Task:
Could you repeat the records below exactly, leaving the pictures out?

Task data:
· · · · · · ·

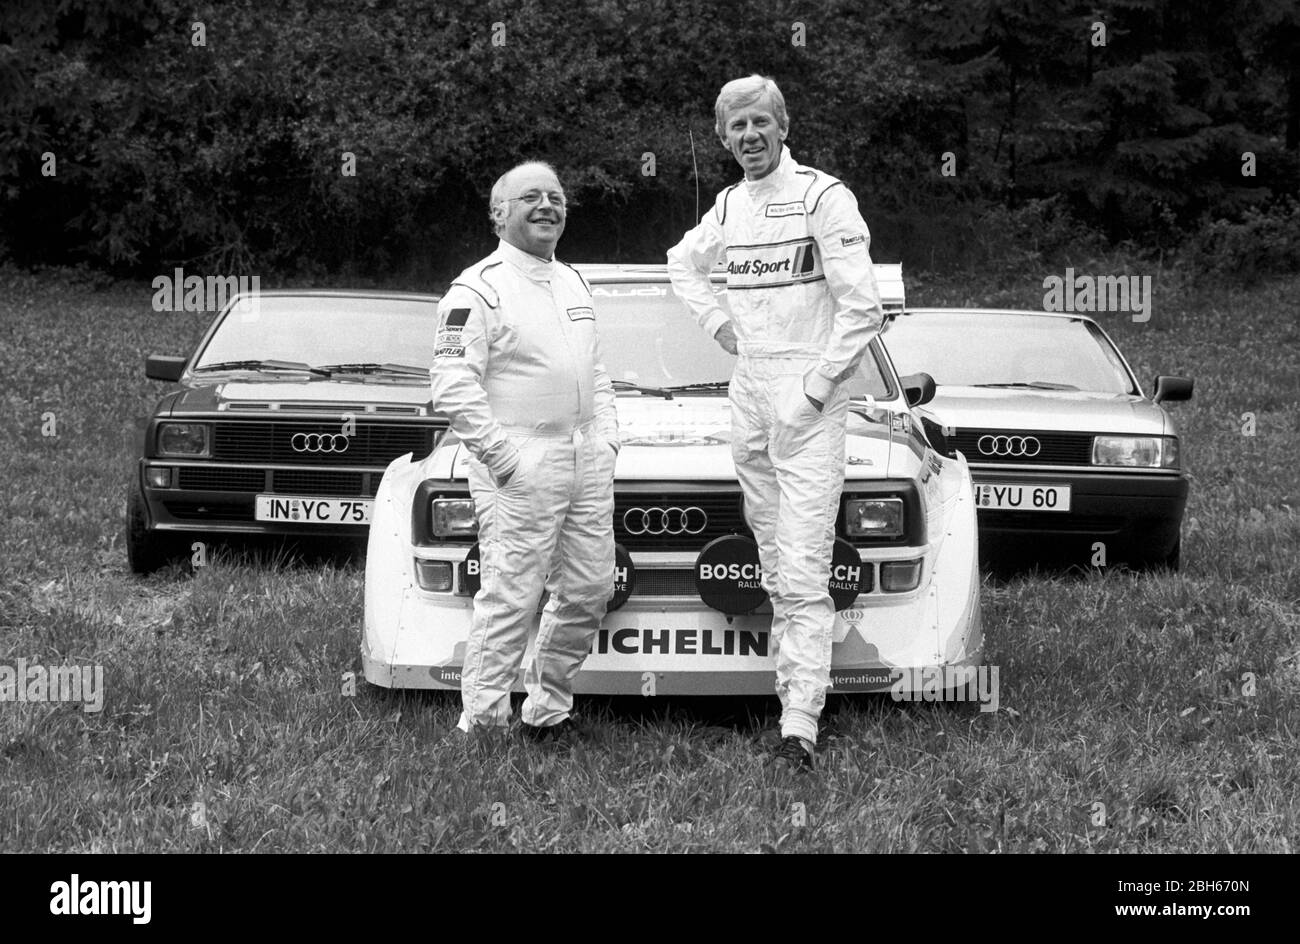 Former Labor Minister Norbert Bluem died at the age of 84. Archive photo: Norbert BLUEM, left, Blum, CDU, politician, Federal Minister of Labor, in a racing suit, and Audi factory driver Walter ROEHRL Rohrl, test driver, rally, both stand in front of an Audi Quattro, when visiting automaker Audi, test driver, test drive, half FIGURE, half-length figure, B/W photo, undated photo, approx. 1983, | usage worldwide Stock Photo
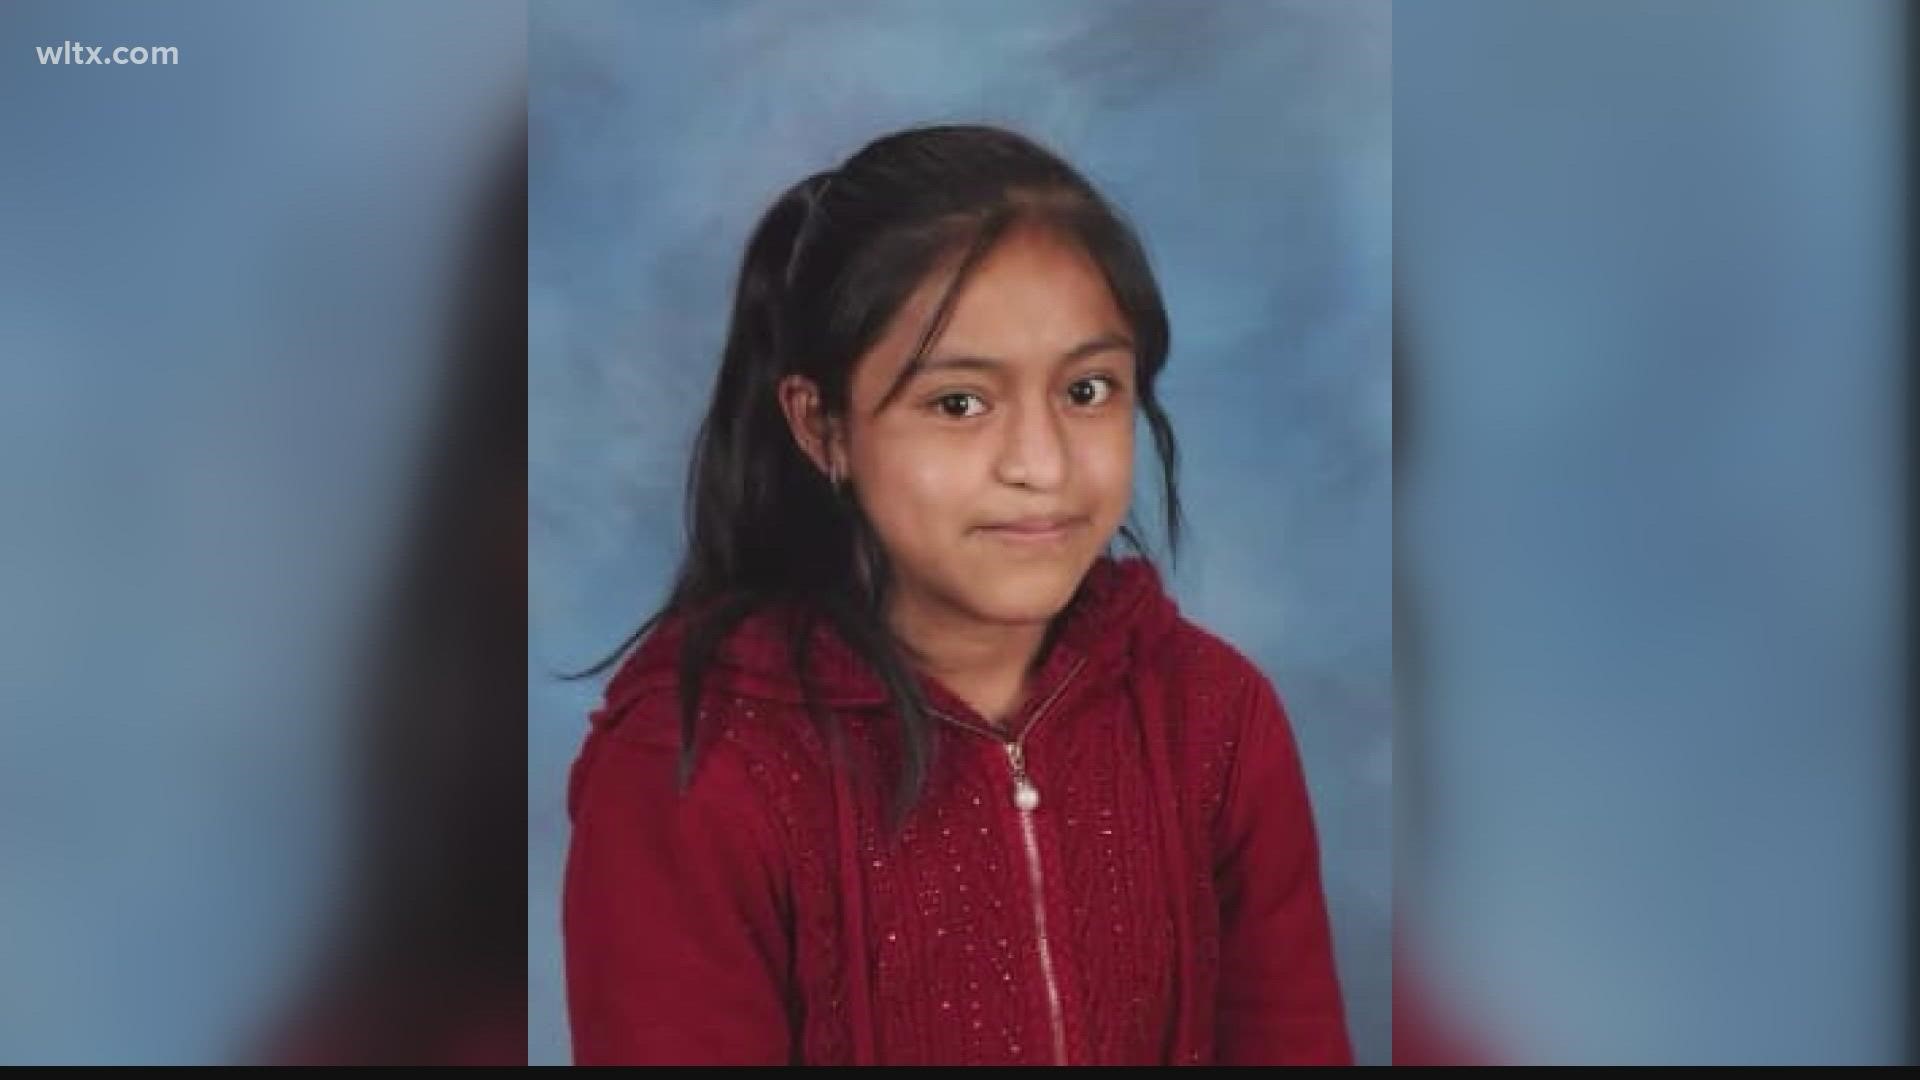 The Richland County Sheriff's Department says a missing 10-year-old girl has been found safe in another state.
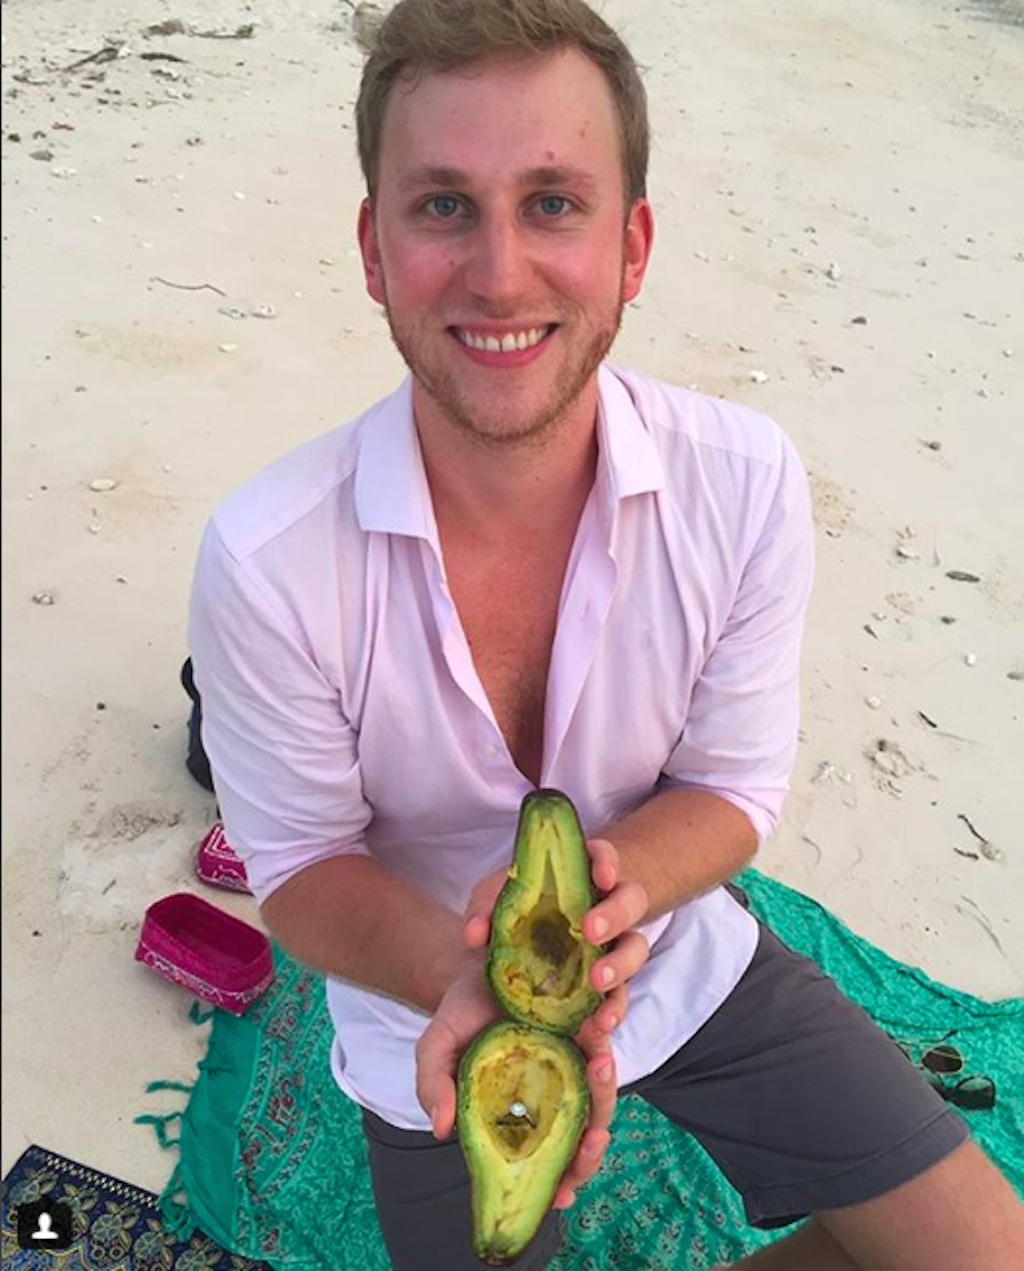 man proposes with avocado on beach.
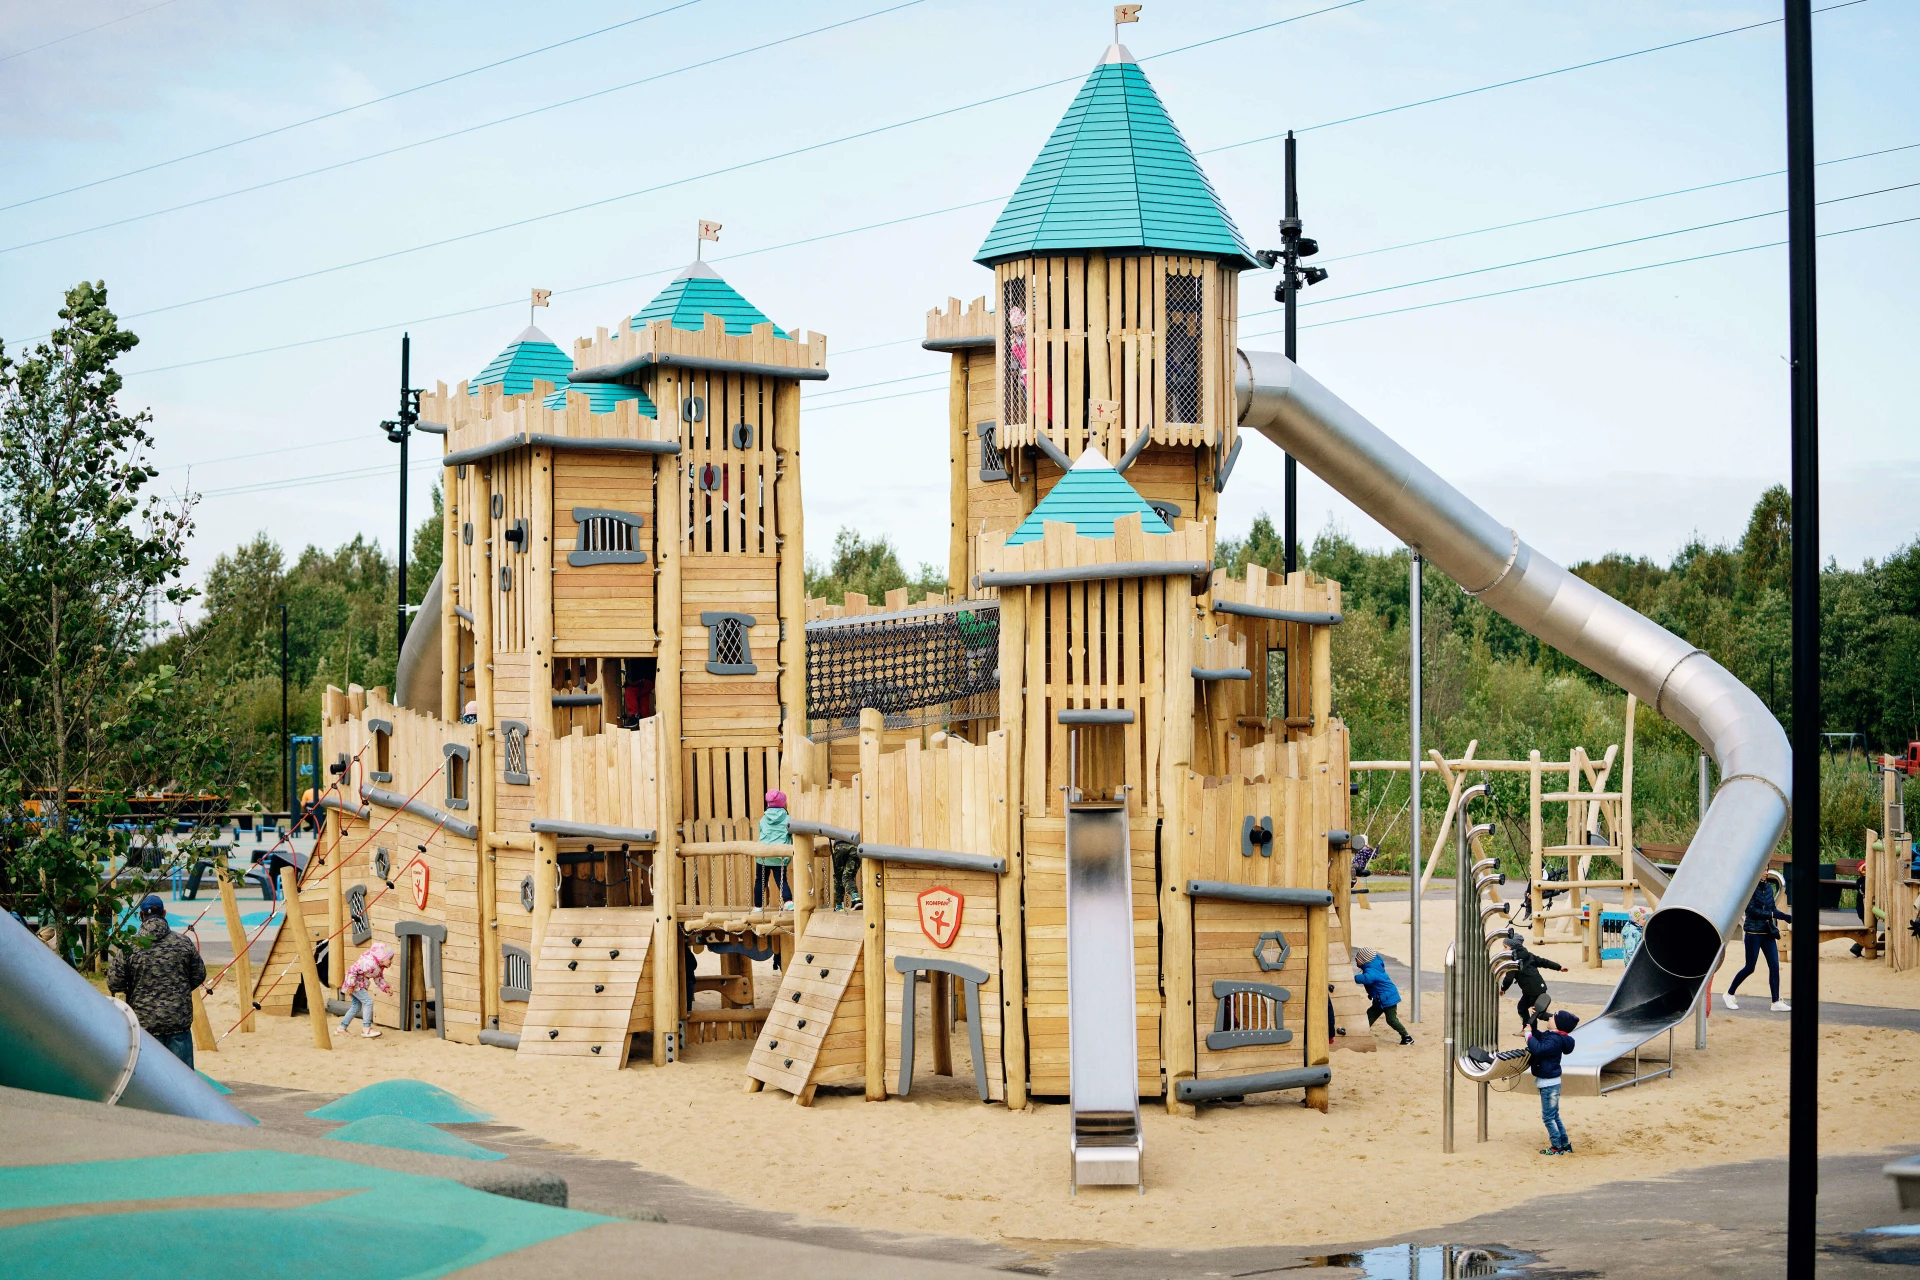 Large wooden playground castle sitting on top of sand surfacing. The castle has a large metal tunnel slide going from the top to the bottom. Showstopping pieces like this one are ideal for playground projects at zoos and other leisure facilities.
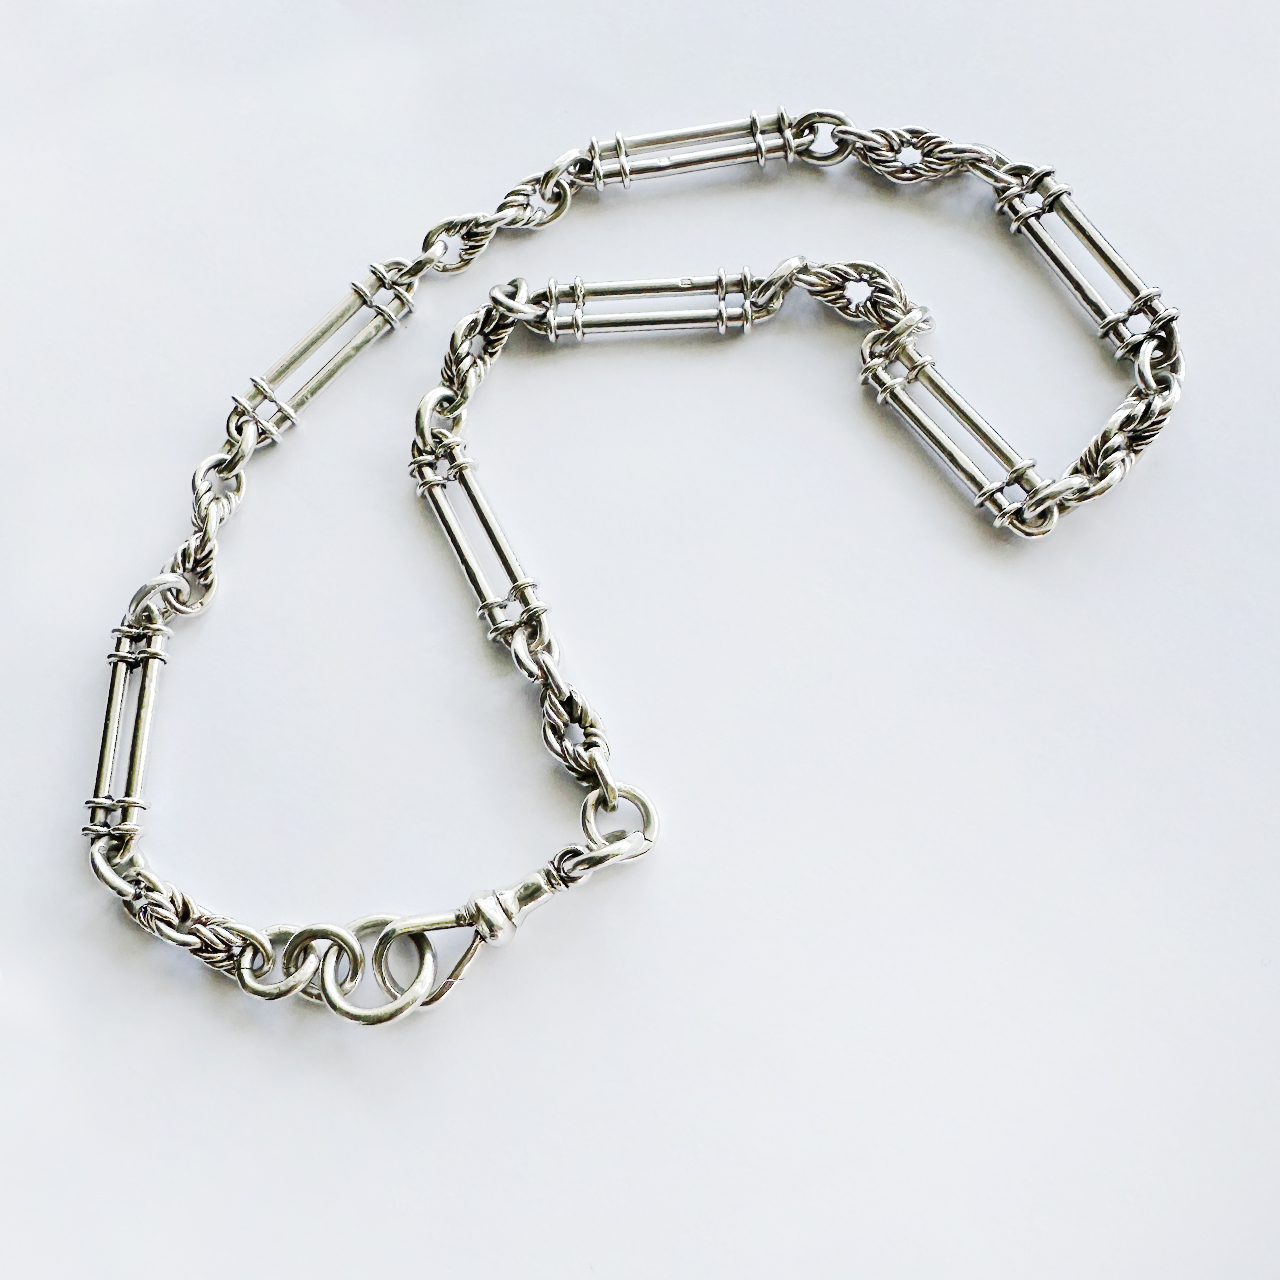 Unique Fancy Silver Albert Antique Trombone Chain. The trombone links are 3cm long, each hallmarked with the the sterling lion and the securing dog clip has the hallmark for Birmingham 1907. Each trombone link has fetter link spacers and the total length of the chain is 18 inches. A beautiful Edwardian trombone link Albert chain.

· · · · · · ·

Response to the exercise:
 Former Labor Minister Norbert Bluem died at the age of 84. Archive photo: Norbert BLUEM, left, Blum, CDU, politician, Federal Minister of Labor, in a racing suit, and Audi factory driver Walter ROEHRL Rohrl, test driver, rally, both stand in front of an Audi Quattro, when visiting automaker Audi, test driver, test drive, half FIGURE, half-length figure, B/W photo, undated photo, approx. 1983, | usage worldwide Stock Photo
 The Richland County Sheriff's Department says a missing 10-year-old girl has been found safe in another state.
 man proposes with avocado on beach.
 Large wooden playground castle sitting on top of sand surfacing. The castle has a large metal tunnel slide going from the top to the bottom. Showstopping pieces like this one are ideal for playground projects at zoos and other leisure facilities.
 Unique Fancy Silver Albert Antique Trombone Chain. The trombone links are 3cm long, each hallmarked with the the sterling lion and the securing dog clip has the hallmark for Birmingham 1907. Each trombone link has fetter link spacers and the total length of the chain is 18 inches. A beautiful Edwardian trombone link Albert chain.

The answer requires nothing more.